These Films by Black Filmmakers are Free to Stream
From a kaleidoscopic portrait of Alabama to a documentary about police violence in the UK, frieze contributors select four must-watch films
From a kaleidoscopic portrait of Alabama to a documentary about police violence in the UK, frieze contributors select four must-watch films
Kathleen Collins, Losing Ground (1982)
In life, Kathleen Collins’s best-known achievement was the 1982 film, Losing Ground, one of the first feature-length movies by an African-American female filmmaker. The story follows the complex marriage of Sara (Seret Scott), a seemingly frigid professor, and Victor (filmmaker Bill Gunn), an irreverent painter. Victor finds ecstasy through his art and Sara finds hers through abstractions, such as scholarship and conceptual thinking. During a summer vacation, their marital tension comes to a head when Victor falls for one of his muses and Sara for an out-of-work actor with whom she co-stars in an independent, student-led film. The story is ordinary yet luxuriant, as if time were of no consequence. There are ample shots of black and latinx people dancing, black people dining, black people conversing, black people being.
– Morgan Jenkins
Julie Dash, Daughters of the Dust (1991)
Made using a budget of only $800,000, Julie Dash's Daughters of the Dust (1991) – the first feature length film to be made by a Black American woman and distributed widely in the US – is free to watch on Criterion Channel. It's a lush, mesmerising, almost painterly film, which features cinematography by the film's producer Arthur Jafa.
– Andrew Durbin
RaMell Ross, Hale County This Morning, This Evening (2018) [Free to watch in the US]
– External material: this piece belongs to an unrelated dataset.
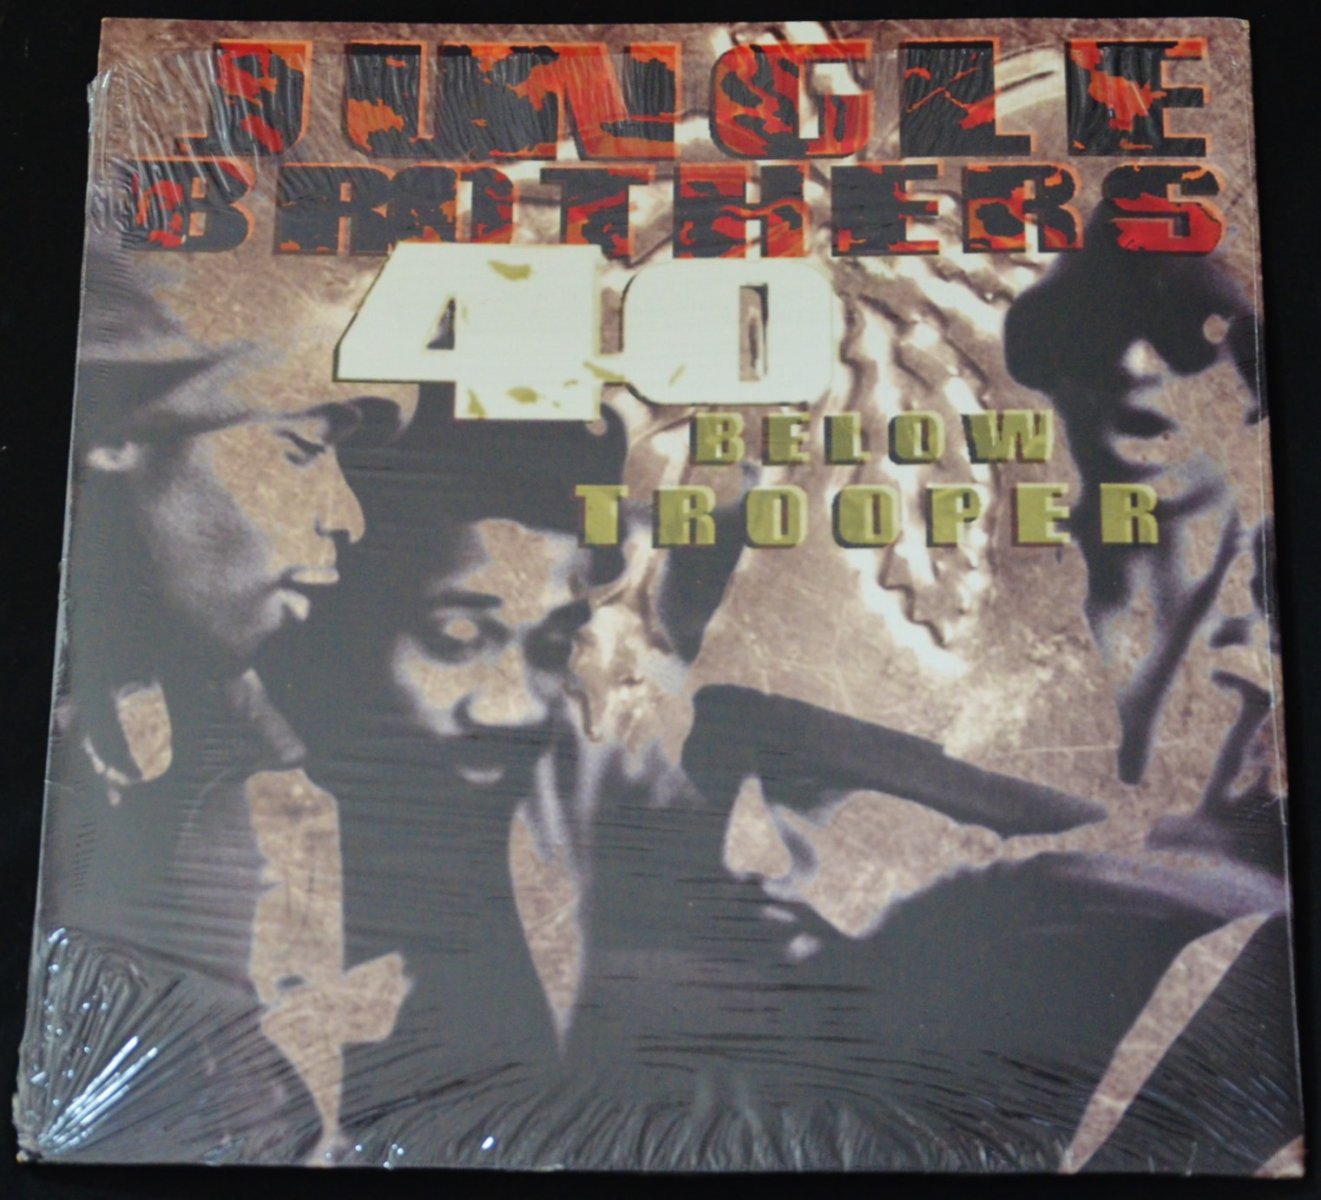 Jungle Brothers - 40 Below Trooper - Warner Bros. Records - 0-40764: :  Music

US photographer RaMell Ross’s debut film Hale County This Morning, This Evening (2018), makes of its titular Alabama county a kaleidoscopic subject. This is the same town Dr. Martin Luther King, Jr. hid following an assassination attempt by the KKK, only two weeks before he was killed on 4 April 1968. It is a town so embedded in the racist history of the southern United States, with its legacy of chattel slavery, indentured servitude and Jim Crow, that it would seem nearly impossible to fully bring to life the vast sweep of both the present and the past in moving images.
– Jacolby Satterwhite
Milton Bryan, The People’s Account (1985)
The People’s Account (1985) is a documentary rich with oral histories and first-person accounts of the Broadwater Farm uprising, which took place on a housing estate in Tottenham, north London. Still rarely seen, the film opens with a narrator grounding you with a simple but impactful truth: ‘Three major uprisings rocked London and Birmingham in late 1985. Each was sparked by an act of police lawlessness against a Black woman.’